Traditional database fuzzing techniques primarily focus on syntactic correctness and general SQL structures, leaving critical yet obscure DBMS features, such as system-level modes (e.g., GTID), programmatic constructs (e.g., PROCEDURE), advanced process commands (e.g., KILL), largely underexplored. Although rarely triggered by typical inputs, these features can lead to severe crashes or security issues when executed under edge-case conditions. In this paper, we present FuzzySQL, a novel LLM-powered adaptive fuzzing framework designed to uncover subtle vulnerabilities in DBMS special features. FuzzySQL combines grammar-guided SQL generation with logic-shifting progressive mutation, a novel technique that explores alternative control paths by negating conditions and restructuring execution logic, synthesizing structurally and semantically diverse test cases. To further ensure deeper execution coverage of the back end, FuzzySQL employs a hybrid error repair pipeline that unifies rule-based patching with LLM-driven semantic repair, enabling automatic correction of syntactic and context-sensitive failures. We evaluate FuzzySQL across multiple DBMSs, including MySQL, MariaDB, SQLite, PostgreSQL and Clickhouse, uncovering 37 vulnerabilities, 7 of which are tied to under-tested DBMS special features. As of this writing, 29 cases have been confirmed with 9 assigned CVE identifiers, 14 already fixed by vendors, and additional vulnerabilities scheduled to be patched in upcoming releases. Our results highlight the limitations of conventional fuzzers in semantic feature coverage and demonstrate the potential of LLM-based fuzzing to discover deeply hidden bugs in complex database systems.

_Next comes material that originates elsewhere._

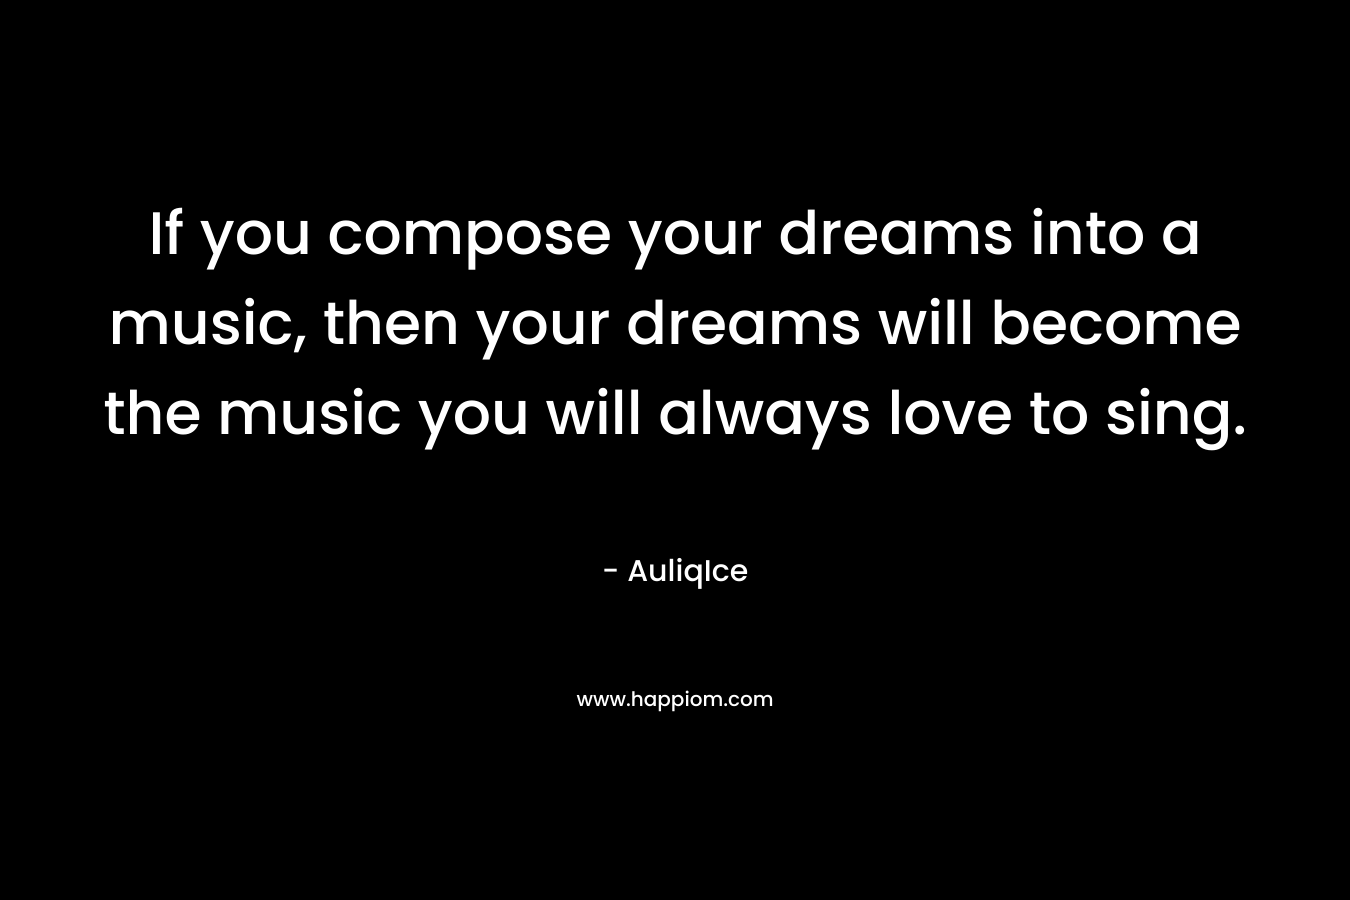 If you compose your dreams into a music, then your dreams will become the music you will always love to sing. – AuliqIce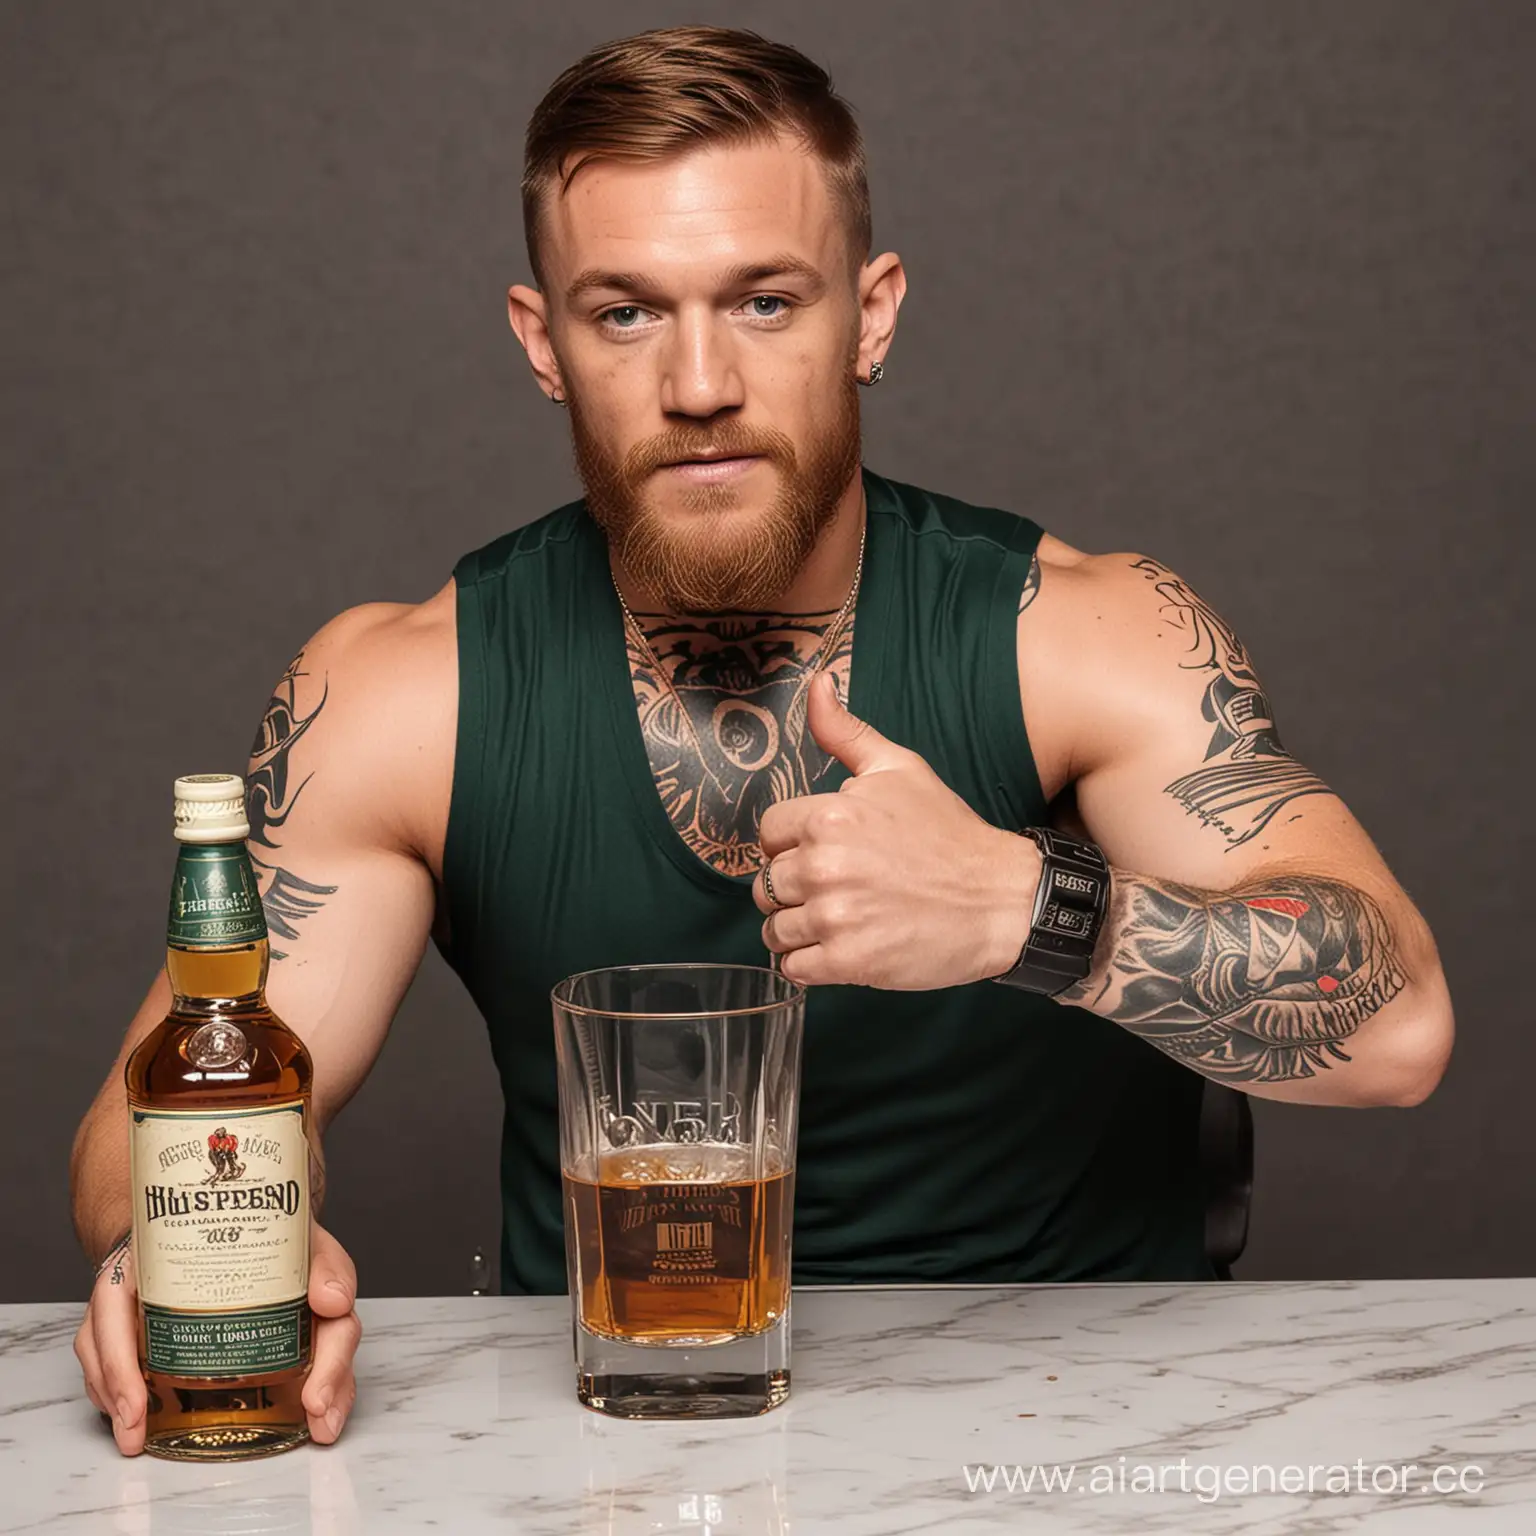 Conor-McGregor-Poses-with-a-Premium-Whiskey-Bottle-for-Elegance-and-Style

翻译：传统的数据库模糊测试技术主要关注语法正确性和通用SQL结构，使得许多关键但晦涩的数据库管理系统功能，如系统级模式（例如GTID）、程序化构造（例如PROCEDURE）、高级进程命令（例如KILL）在很大程度上未被充分探索。尽管这些功能很少被典型输入触发，但在边界条件下执行时可能导致严重的崩溃或安全问题。本文提出FuzzySQL，一种新颖的基于大语言模型的自适应模糊测试框架，旨在揭示数据库管理系统特殊功能中的细微漏洞。FuzzySQL结合了语法引导的SQL生成与逻辑转换渐进式变异——一种通过否定条件和重构执行逻辑来探索替代控制路径的新技术，从而合成结构和语义多样化的测试用例。为了进一步确保后端更深层次的执行覆盖，FuzzySQL采用了一种混合错误修复流程，统一了基于规则的修补与大语言模型驱动的语义修复，能够自动纠正语法和上下文相关的错误。我们在多个数据库管理系统（包括MySQL、MariaDB、SQLite、PostgreSQL和Clickhouse）上评估FuzzySQL，共发现37个漏洞，其中7个与测试不足的数据库管理系统特殊功能相关。截至本文撰写时，已有29个案例得到确认，其中9个被分配了CVE标识，14个已被供应商修复，其余漏洞计划在后续版本中修补。我们的研究结果突显了传统模糊测试在语义功能覆盖方面的局限性，并展示了基于大语言模型的模糊测试在发现复杂数据库系统中深度隐藏缺陷方面的潜力。